Research Research Projects

Neuro-molecular Mechanisms Underlying a Switch in Memory Valence

We are using a simple model to investigate the neural and molecular mechanisms underlying aversive and appetitive alcohol memories. Alcohol is among the most widely used and abused drugs in the world. Few effective treatment options exist for alcohol-use disorders. It is imperative that we investigate how alcohol affects the brain so we can identify and understand the genetic and molecular factors that affect alcoholism, and use this information to develop better pharmacological therapies. The fruit fly Drosophila melanogaster is an ideal model system to investigate the neural and molecular substrates underlying alcoholism. These animals are similar to mammals in alcohol responses and memories, and a broad spectrum of genetic, and molecular tools are available to manipulate behavior in vivo.
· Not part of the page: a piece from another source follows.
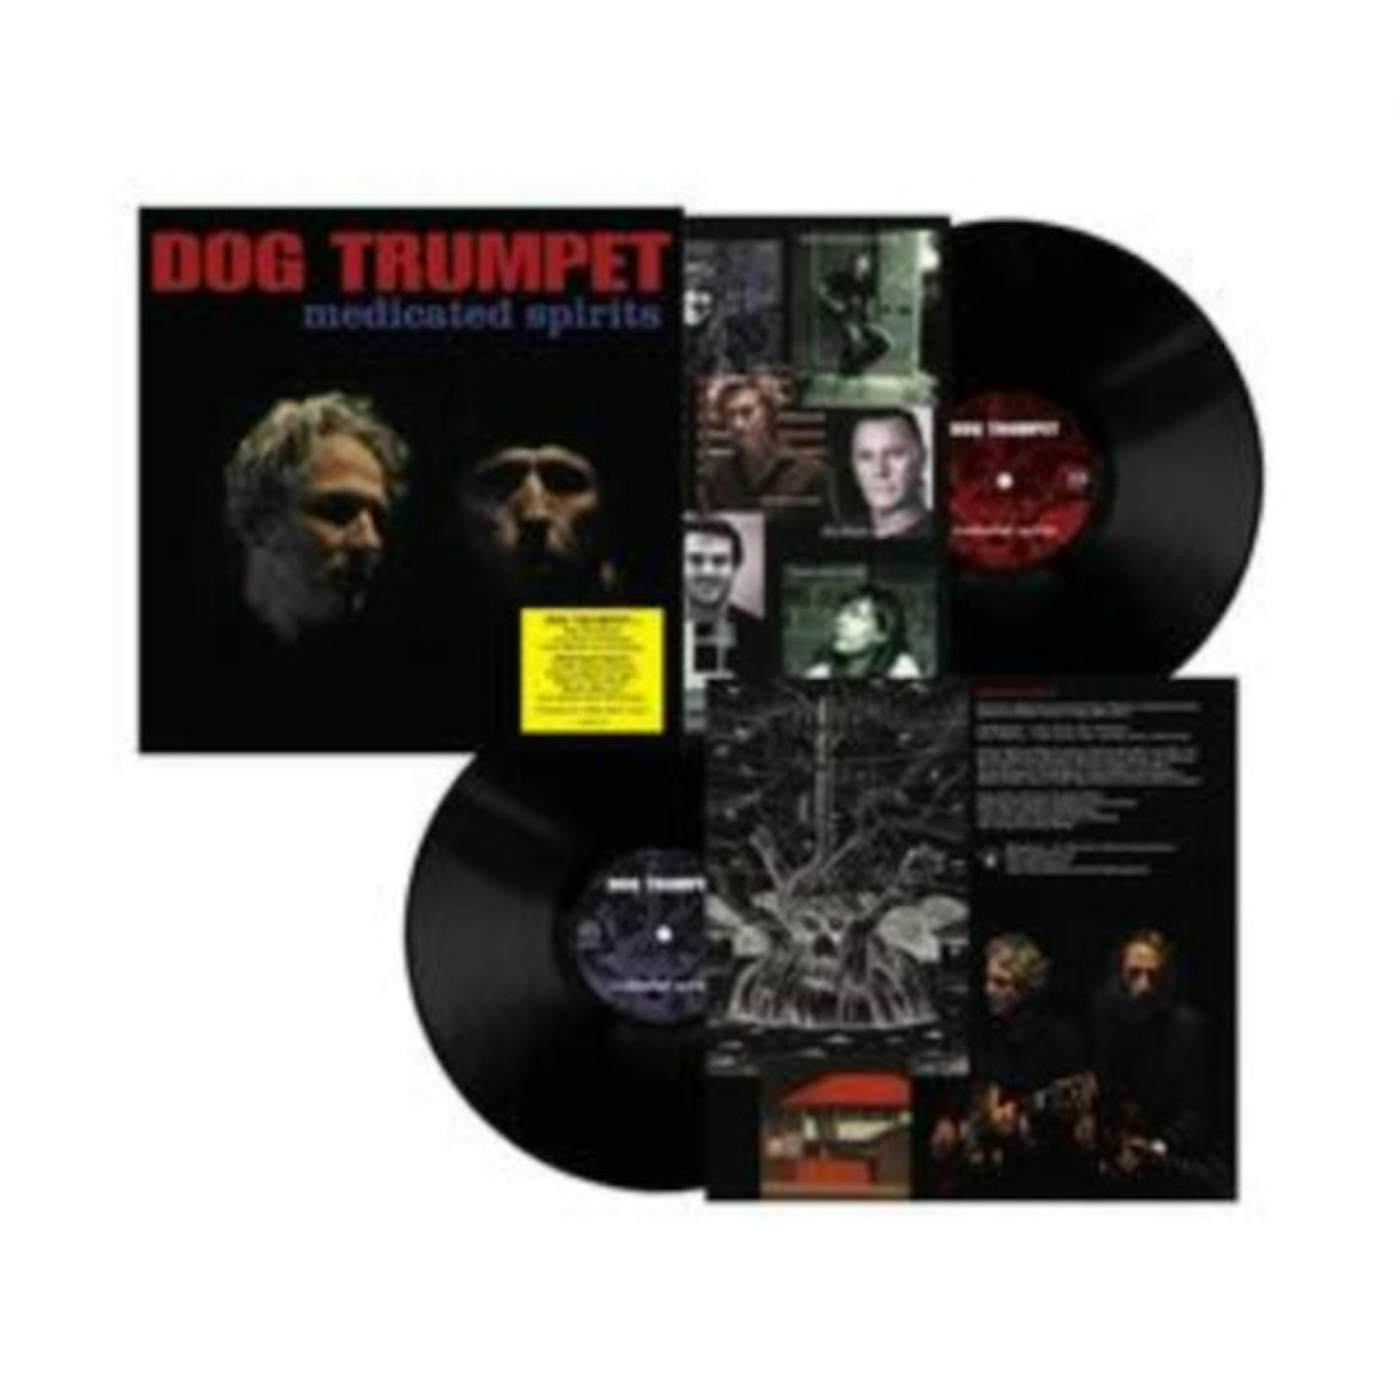 Dog Trumpet LP - Medicated Spirits (Vinyl)

The current genetic tools available in the fly make it the only animal model with the resolution to investigate alcohol memories in live, behaving animals at the molecular, single-neuron, and individual circuit levels. We have identified a simple circuit underlying a switch from aversive to appetitive alcohol memory and identified a role for the Notch signaling pathway in mediating the switch in this circuit. We are elucidating how this circuit functions to result in this switch, and identifying transcriptional targets of Notch that underlies the neuronal plasticity required for this switch. This research provides an important step towards a functional understanding of the mechanisms underlying memory for alcohol intoxication associated with alcohol cravings.

Research Leads 


Notch regulates circuit plasticity within the mushroom body of the fruit fly to result in a switch from an aversive to persistent appetitive memory for an intoxicating experience.